Location
MC 6460
Speaker
Dr. Woldegebriel Assefa Woldegerima, Assistant Professor of the Department of Mathematics and Statistics, York University
Title
Modeling and Predicting Infectious Diseases Dynamics through Epidemiology-Informed Neural Networks (EINNs)
Abstract
Infectious disease modeling and prediction remains a crucial research area as new variants continue to (re)emerge. The integration of mechanistic modeling and machine learning has the potential to revolutionize the way we understand complex biological systems. Particularly, the development and application of Informed Neural Networks (INNs), a class of hybrid models that embed the domain-specific knowledge, such as differential equations, into the neural network architecture has attracts many researchers recently. Epidemiology-Informed Neural Networks (EINNs) incorporate domain-specific knowledge from disease dynamics (e.g., differential equation models, compartmental models like SIR, vector-host interactions, etc.) into their architecture, loss functions, or training process. The loss function that is minimized during training is the combined loss of the data and the DEs residuals. This method not only provides enhanced data accuracy but also has the domain knowledge to predict how the disease evolves. It helps to improve learning, prediction accuracy, interpretability, and parameter estimation, particularly in scenarios where data is sparse or noisy.
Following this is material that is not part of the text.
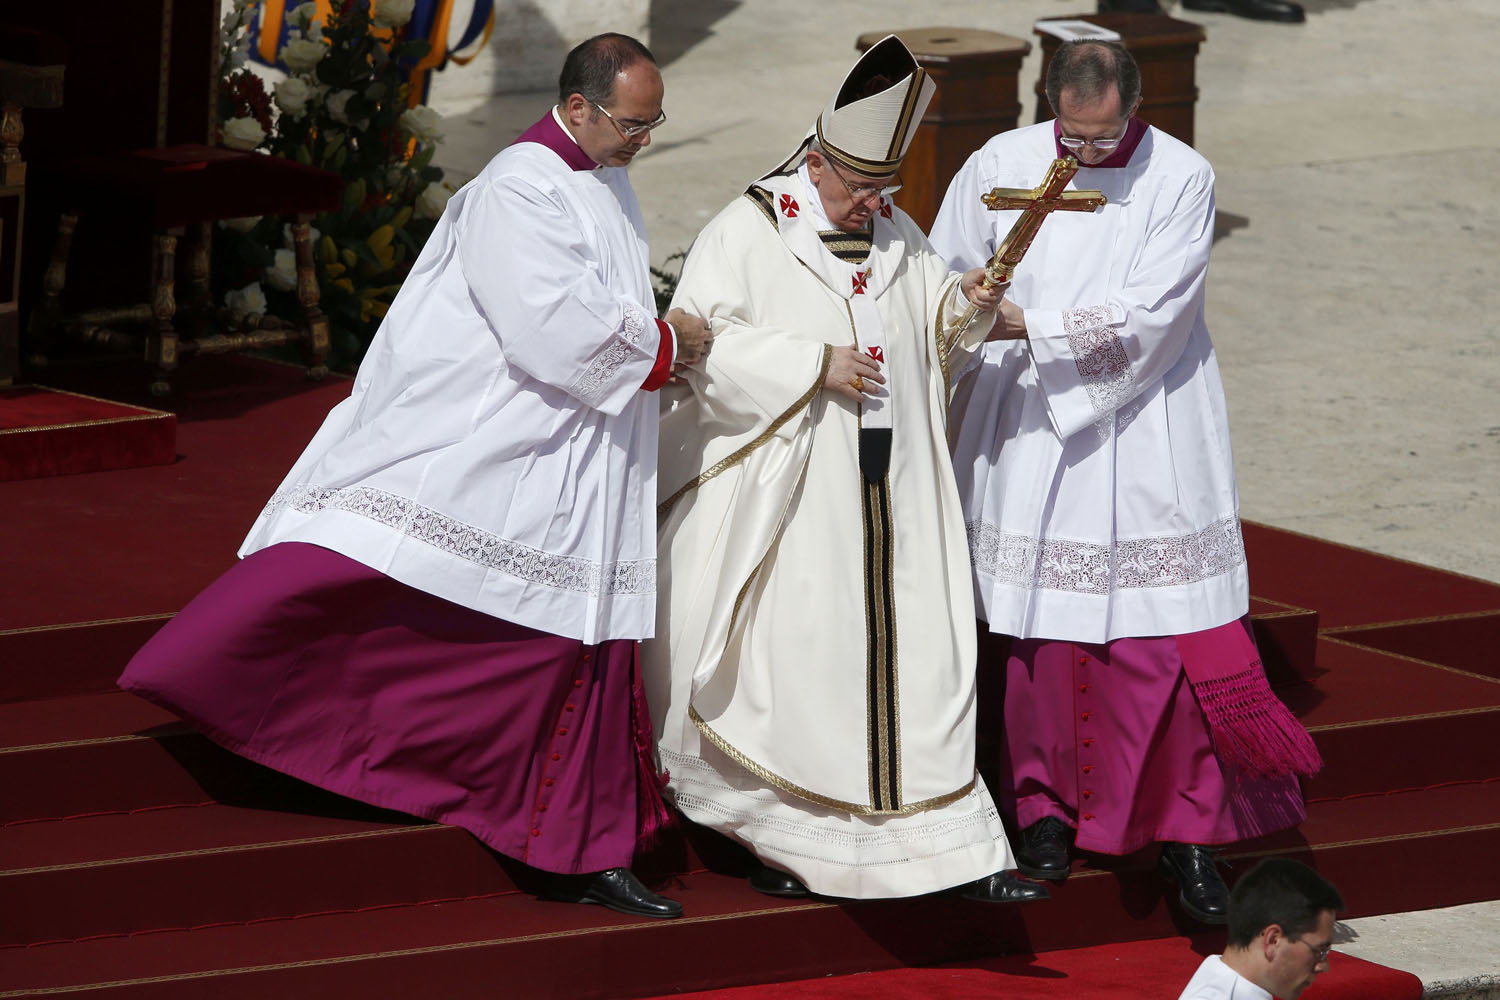 Pope Francis descends the stairs as he takes part in his inaugural mass in Saint Peter's Square at the Vatican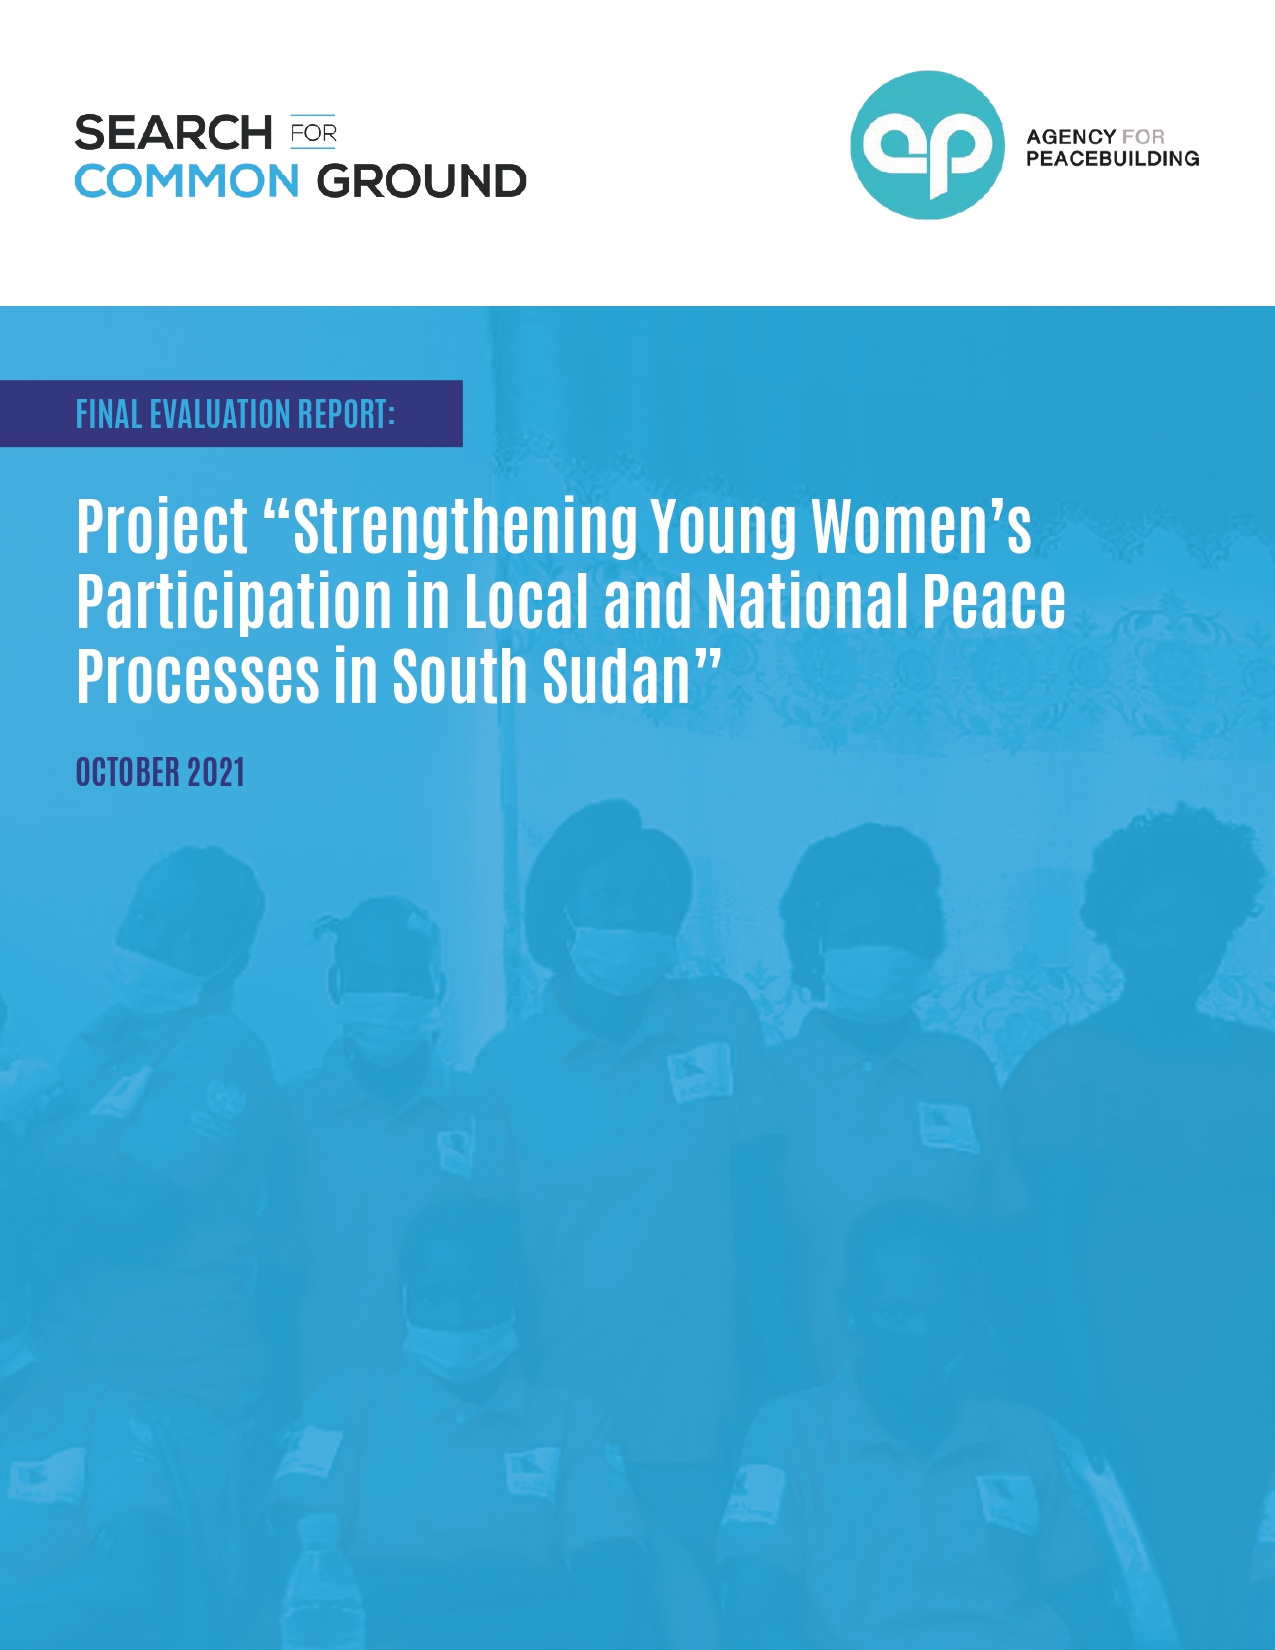 Strengthening young women’s participation in local and national peace processes in South Sudan

In this talk I will quickly introduction the foundations of EINNs. I will then present some results from our study that we e trained an EINN on synthetic data derived from an SI-SIR model designed for Avian influenza and shows the model’s accuracy in predicting extinction and persistence conditions. In the method, a twelve hidden layer model was constructed with sixty-four neurons per layer and ReLU activation function was used. The network is trained to predict the time evolution of five state variables for birds and humans over 50,000 epochs. The overall loss minimized to 0.000006, characterized by a combination of data and physics losses, enabling the EINN to follow the differential equations describing the disease progression.
(If time permits), I will also briefly present some of my recent publication outputs on in-host modelling of malaria parasites, data-drive modelling of immune responses and treatment Mpox in-host dynamic, and other population compartmental transmission models of Mpox with behavioural change, and risk-structured classes.